== Problem to work on ==
In the entries that follow, find the line containing "Shell_Cabana_VIP Cabana_VIP Booth" and the line containing "aacta awards - photo #49", then retype exactly the lines from the first through the second, pictures excluded.
[Data Boundary: Start]
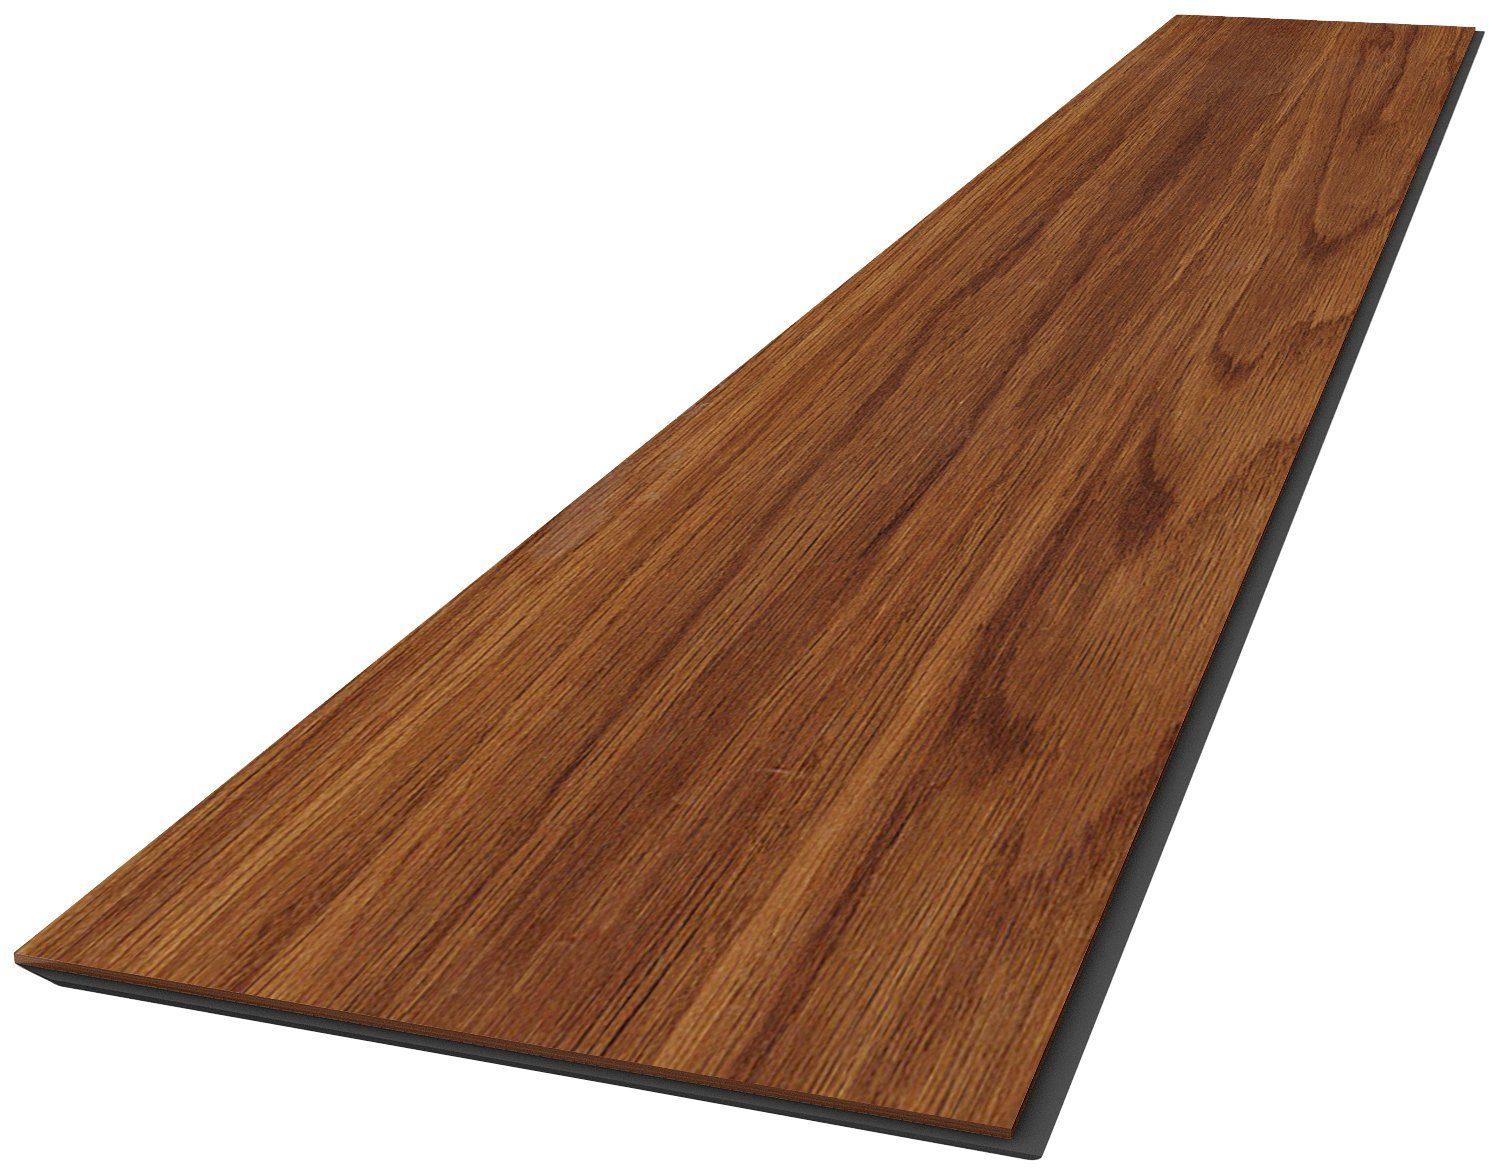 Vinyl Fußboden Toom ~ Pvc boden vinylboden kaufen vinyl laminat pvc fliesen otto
[Data Boundary: End]
[Data Boundary: Start]
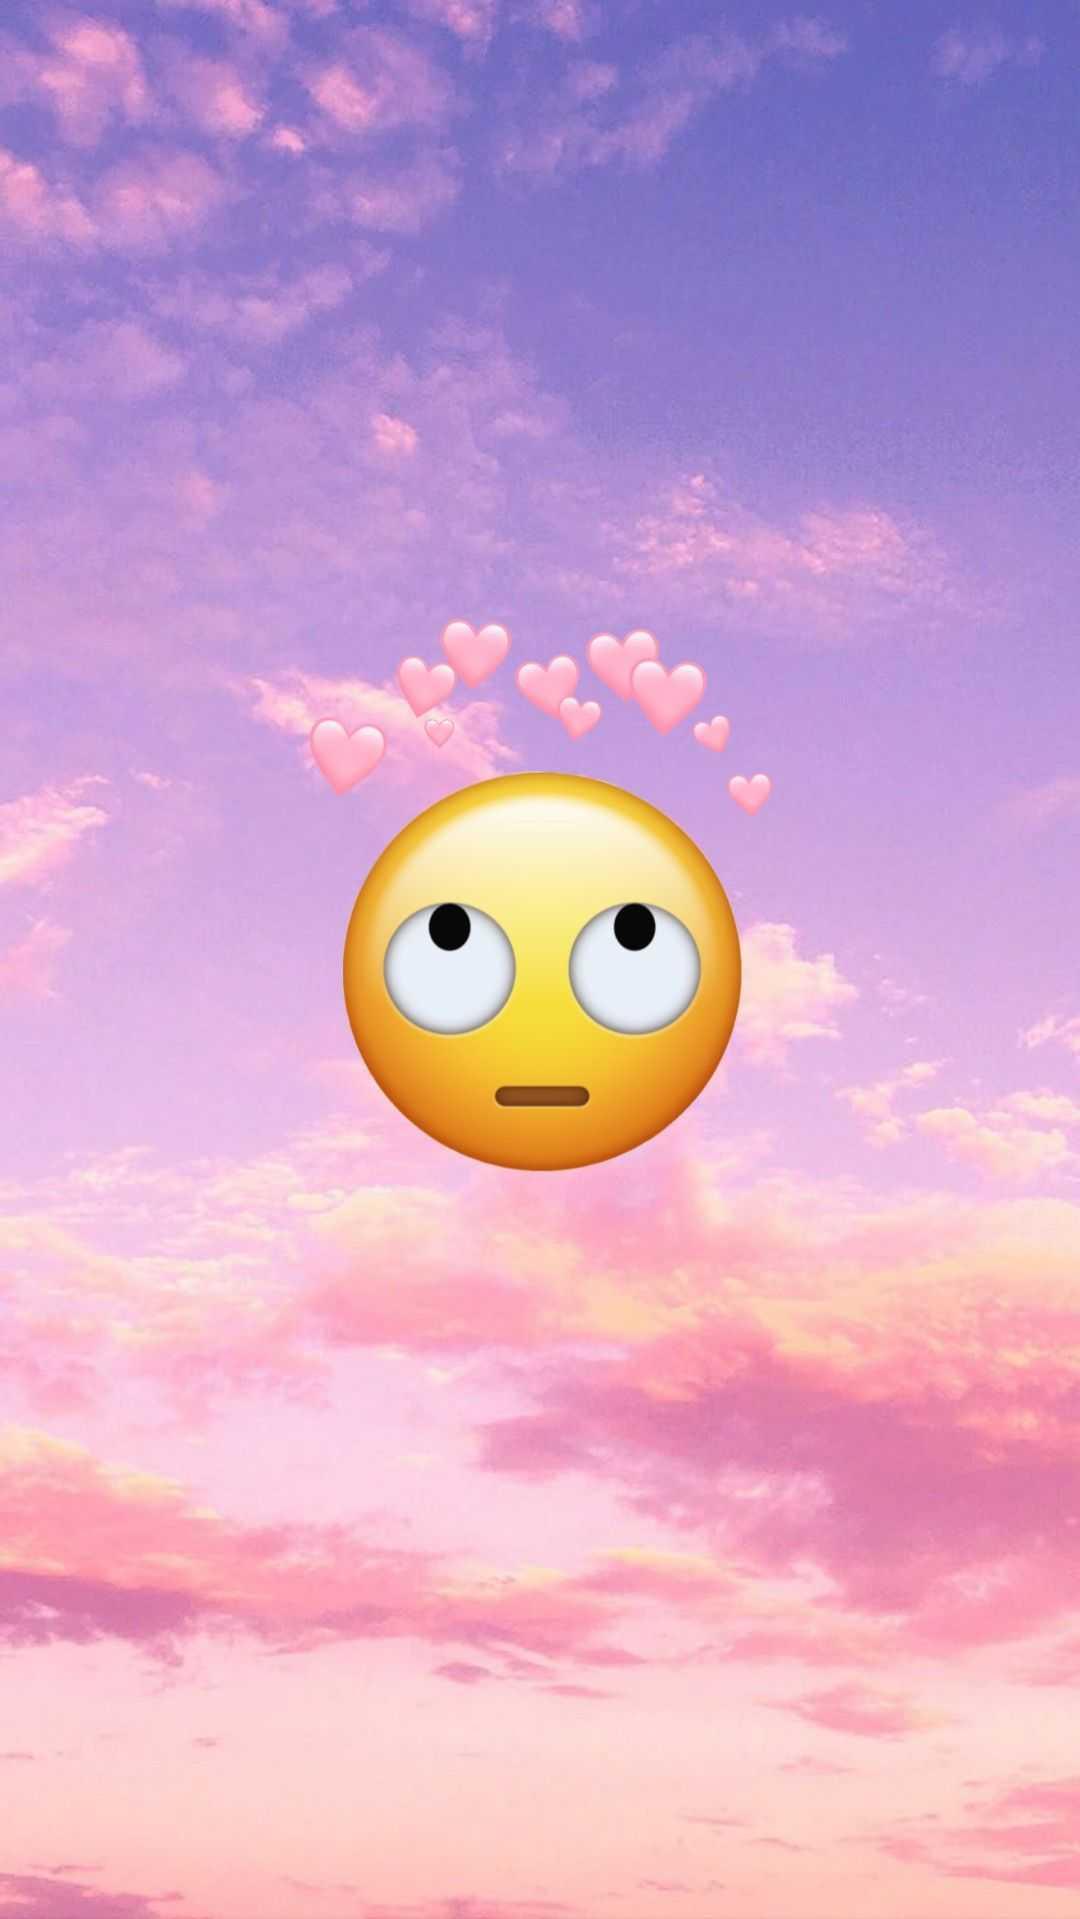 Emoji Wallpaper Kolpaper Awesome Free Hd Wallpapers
[Data Boundary: End]
[Data Boundary: Start]
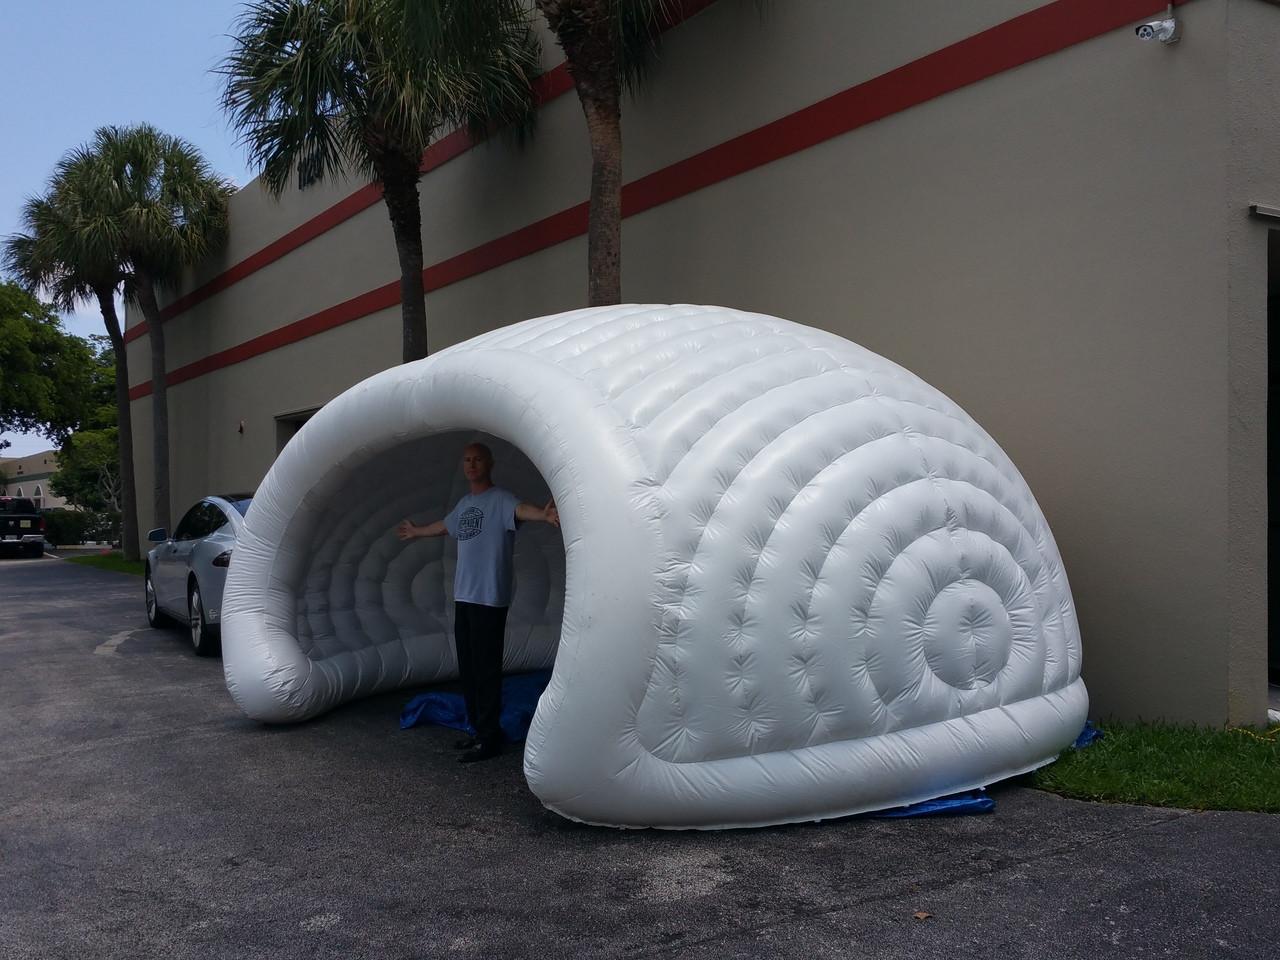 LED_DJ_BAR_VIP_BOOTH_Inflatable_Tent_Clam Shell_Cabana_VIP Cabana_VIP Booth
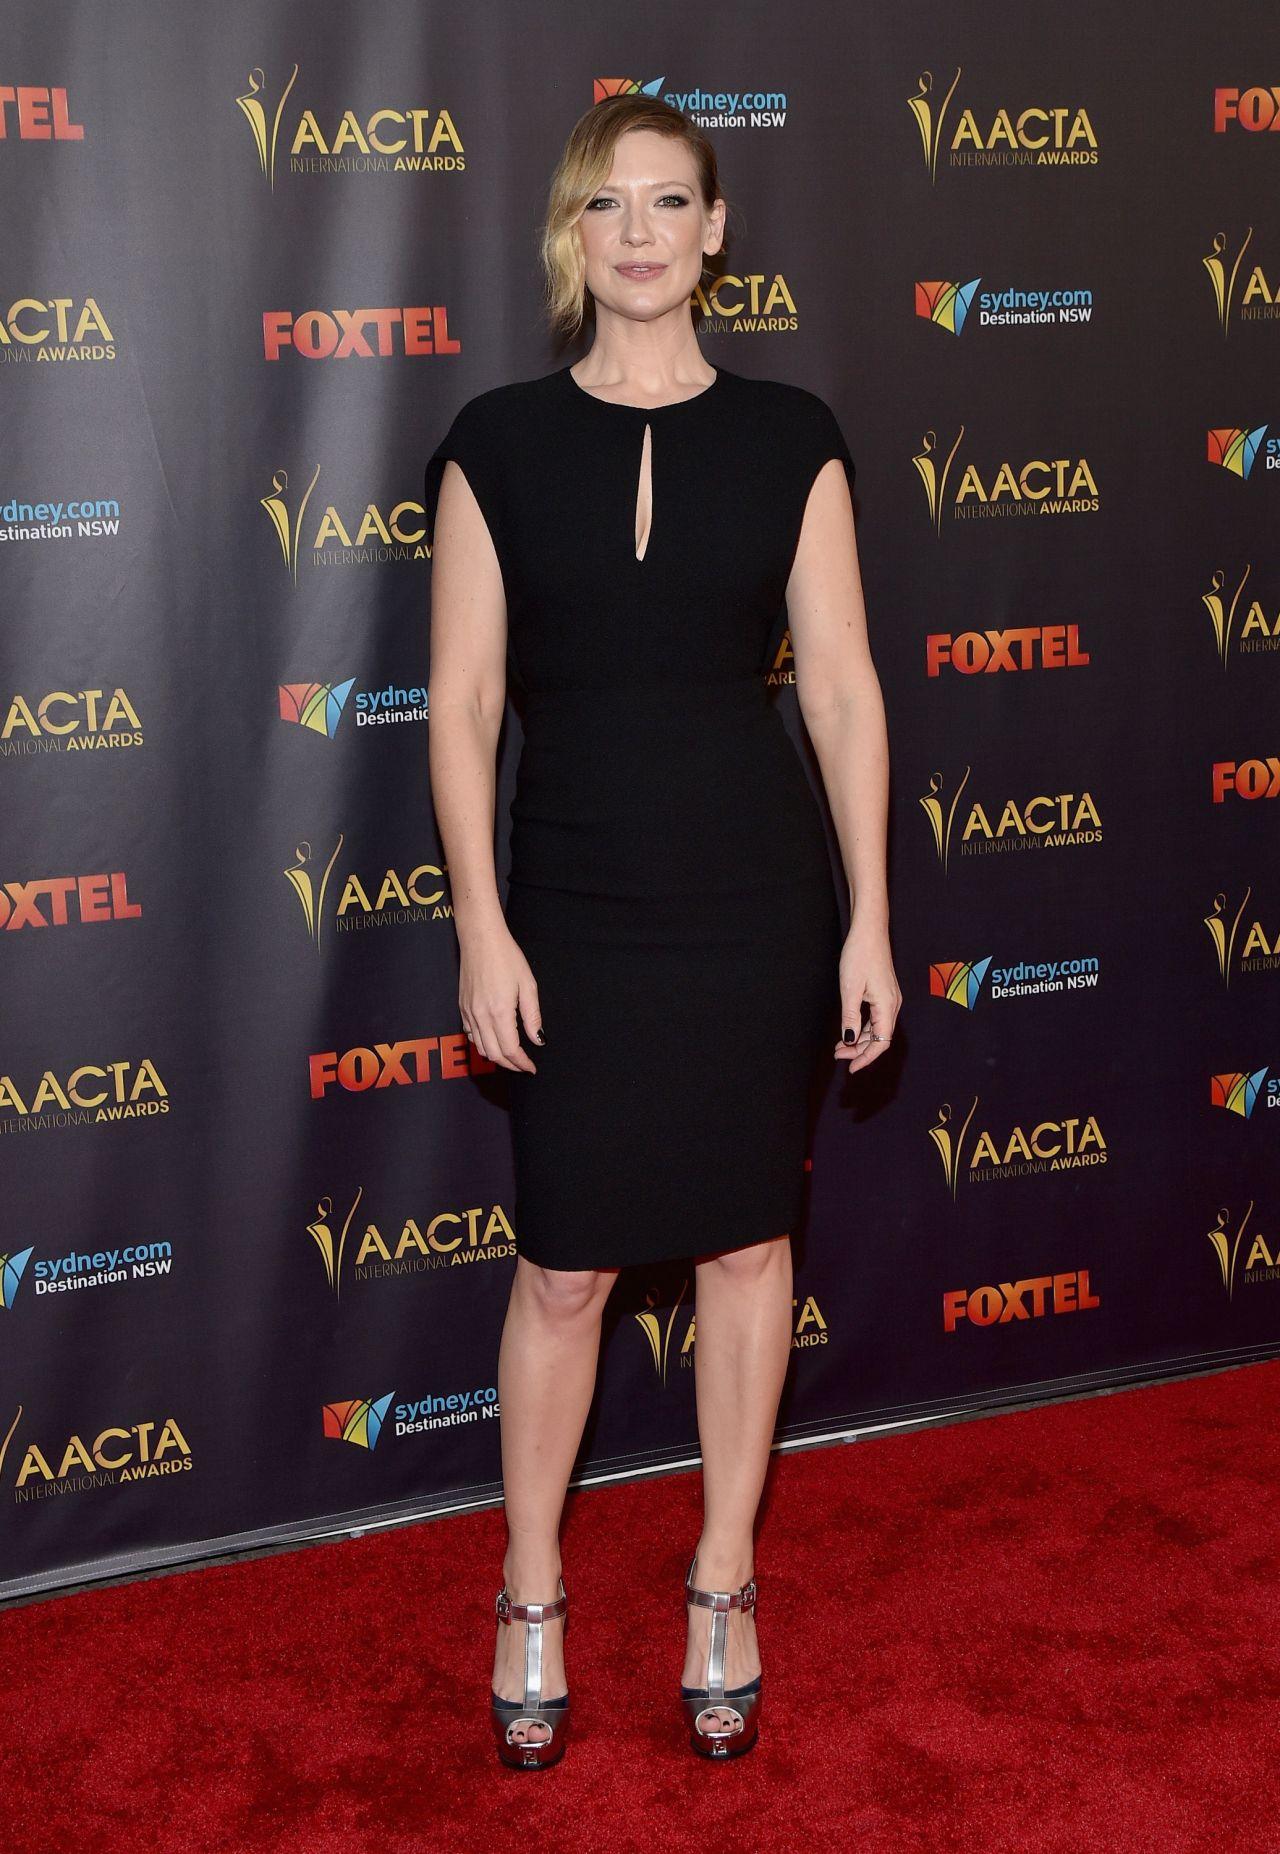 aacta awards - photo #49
[Data Boundary: End]
== Solution to this problem ==
 LED_DJ_BAR_VIP_BOOTH_Inflatable_Tent_Clam Shell_Cabana_VIP Cabana_VIP Booth
 aacta awards - photo #49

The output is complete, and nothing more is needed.